Çin, 2016’dan bu yana dünya gündeminde olan toplama kamplarını uluslararası kamuoyuna açtı. Ancak çağrılan gazeteciler, 5 yıldızlı otel benzeri bir ‘kamp’ta dolaştırıldı. Buralarda tutulan Uygur Türklerinin pinpon oynayıp resim yaptığı anlatıldı.
Milyonlarca Uygur’u ‘sakal bırakmak, Kur’an okumak, yurtdışındaki akrabasını ziyarete gitmek’ gibi sebeplerle toplama kamplarına doldurup işkencelerden geçiren ve ucuz işgücü olarak kullanan Çin, dünyada artan baskıları kırmak için bir gösteri düzenledi.

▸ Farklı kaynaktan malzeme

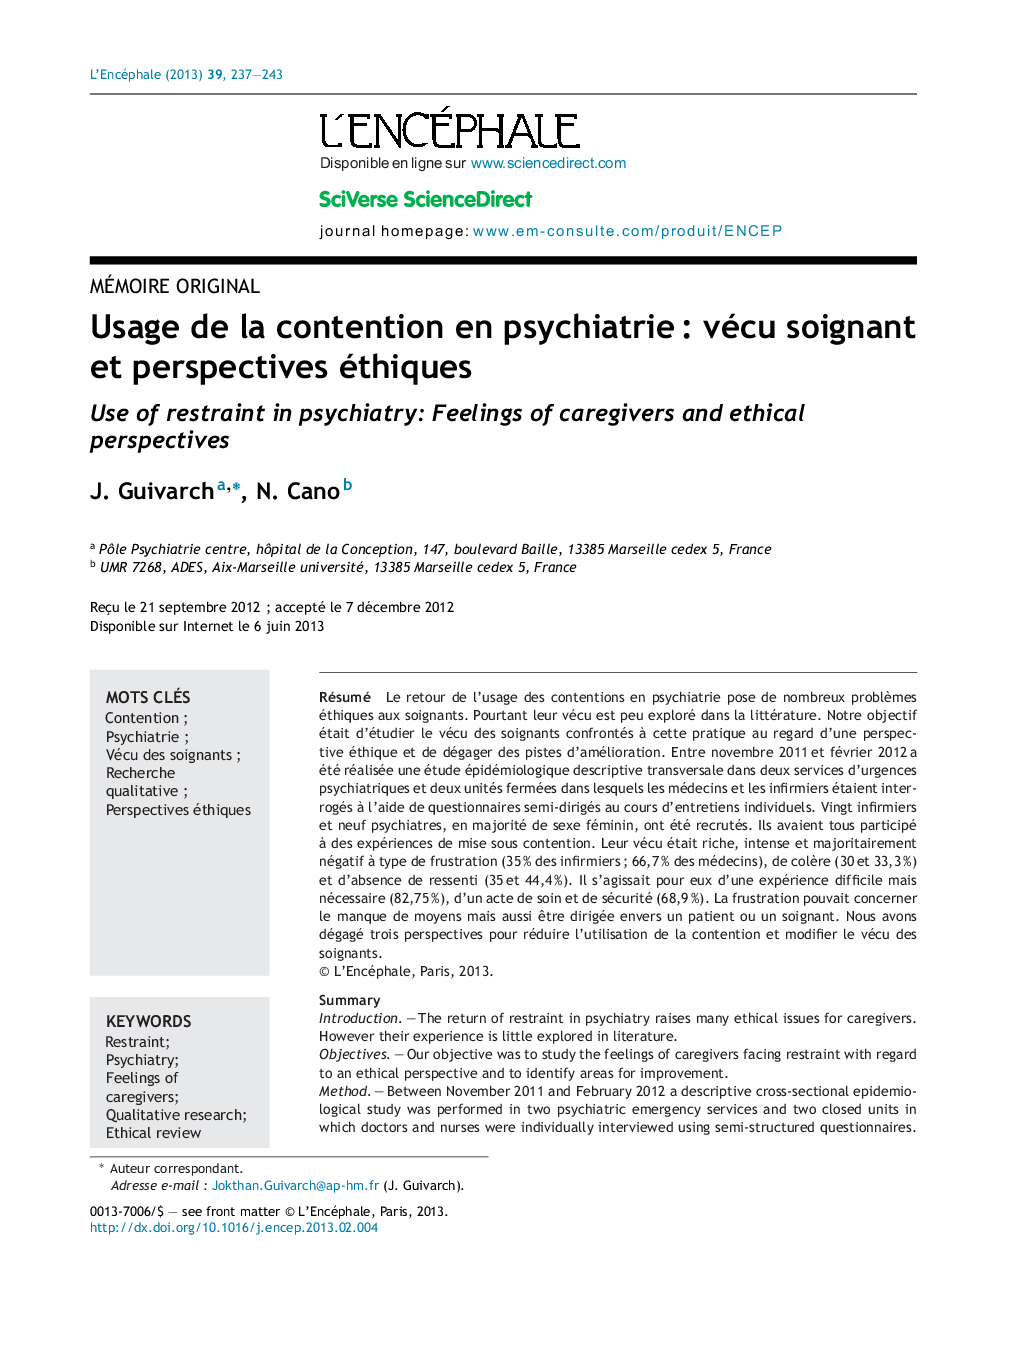 Usage de la contention en psychiatrieÂ : vécu soignant et perspectives éthiques

Uluslararası ajanslar, önceden seçilen bir kampa götürülerek aslında bu merkezlerin ne kadar ‘faydalı, eğitici ve eğlenceli’ olduğunu aktardı.
Dünyanın gözleri önünde, basit gerekçelerle milyonlarca Uygur’u toplama kamplarına dolduran, korkunç işkencelerden geçiren Pekin hükümeti 21. yüzyılın bu en büyük insanlık suçlarından birini aklamak için büyük bir kampanya başlattı.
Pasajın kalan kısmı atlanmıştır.